DATA EXTRACT>
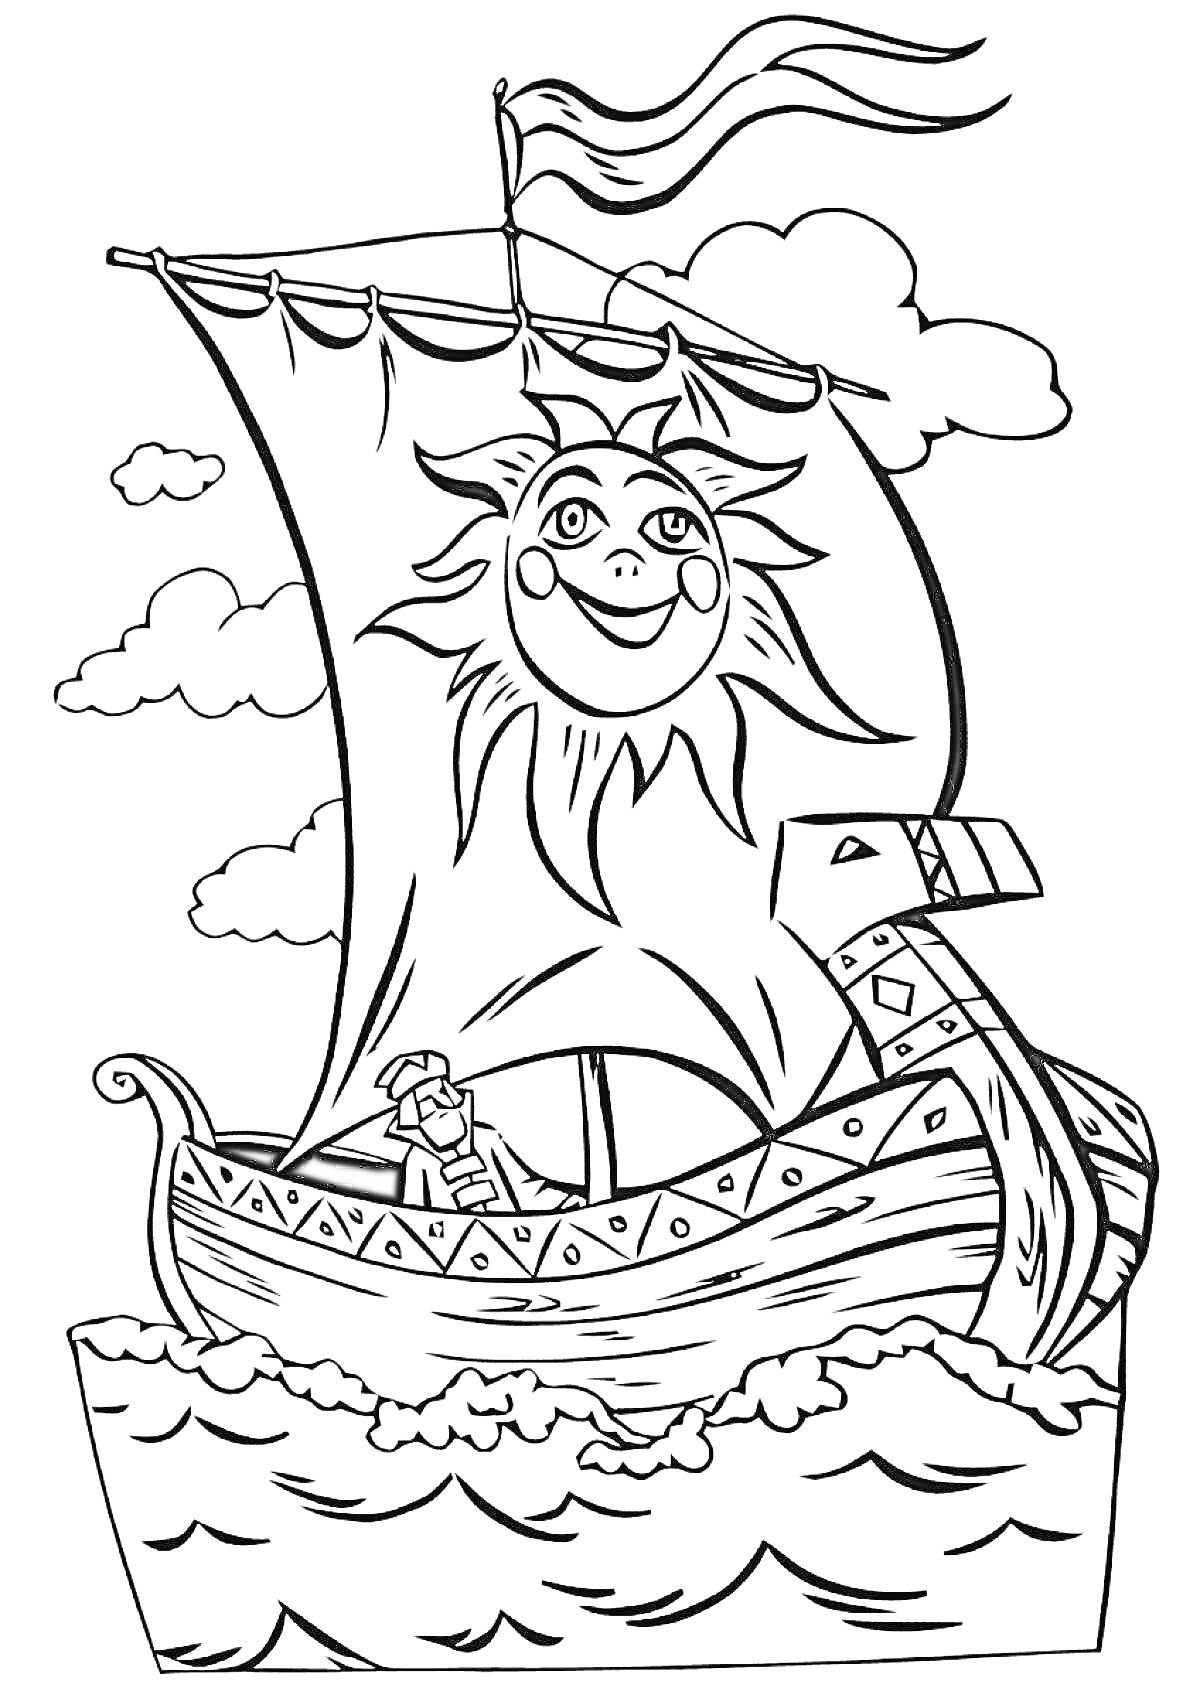 Раскраска Корабль из мультфильма викингов с солнцем на парусе, волны и облака
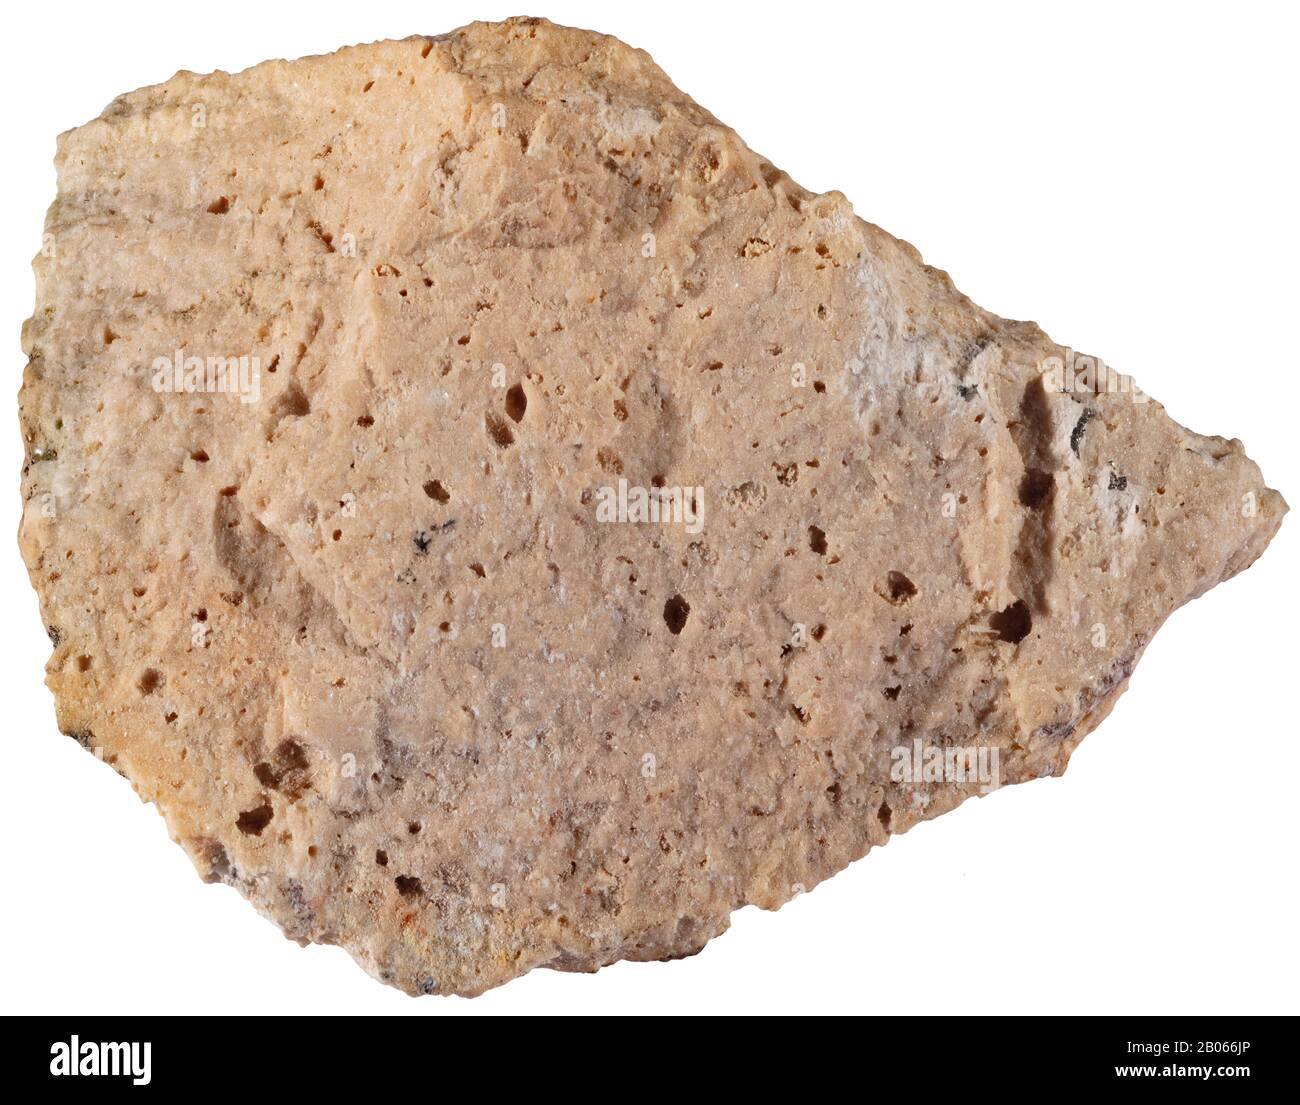 Argilla, Ottawa, i minerali di Clay sono comuni minerali atmosferici; fillosilicati di alluminio idrato, a volte con quantità variabili di ferro, magnesio, A. Foto Stock
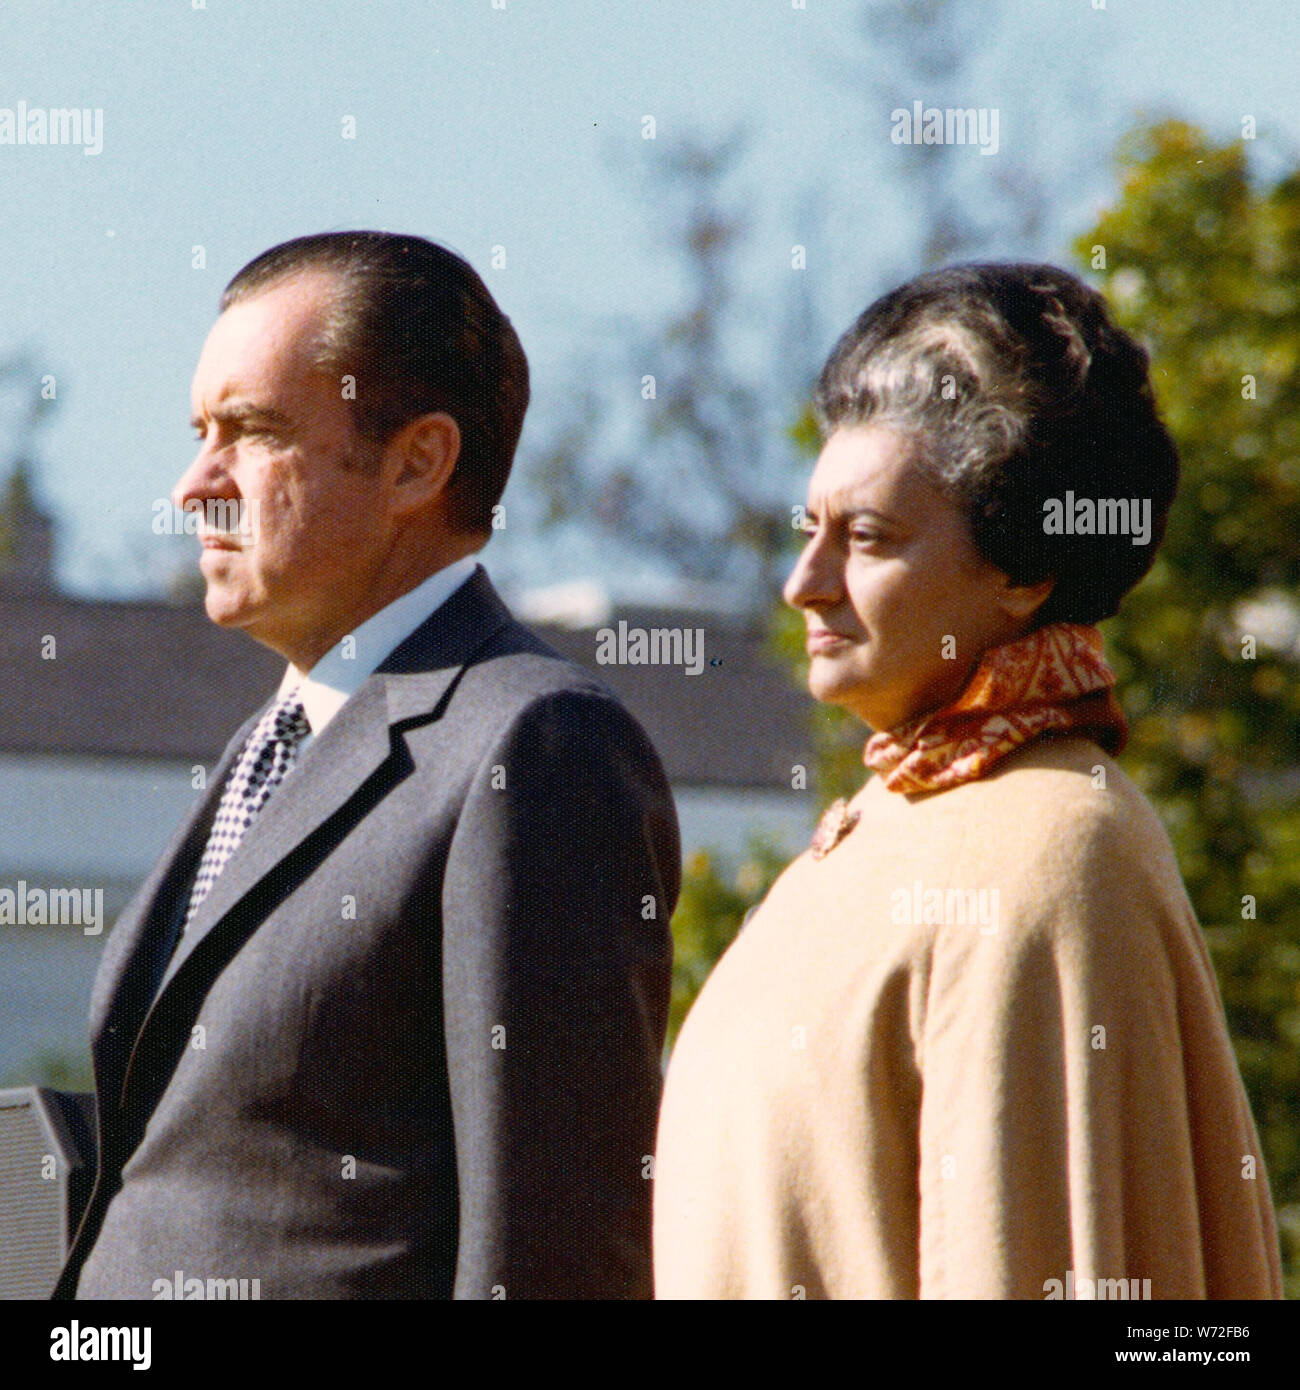 Begrüßungszeremonie für Premierministerin Indira Gandhi; Umfang und Inhalt: Im Bild: Premierminister Gandhi, Präsident Nixon. Betrifft: Staatsoberhaupt - Indien. Stockfoto

WORK INSTRUCTION> Please output each line above exactly and omit all images.

YOUR RESPONSE>
 Раскраска Корабль из мультфильма викингов с солнцем на парусе, волны и облака
 Argilla, Ottawa, i minerali di Clay sono comuni minerali atmosferici; fillosilicati di alluminio idrato, a volte con quantità variabili di ferro, magnesio, A. Foto Stock
 Begrüßungszeremonie für Premierministerin Indira Gandhi; Umfang und Inhalt: Im Bild: Premierminister Gandhi, Präsident Nixon. Betrifft: Staatsoberhaupt - Indien. Stockfoto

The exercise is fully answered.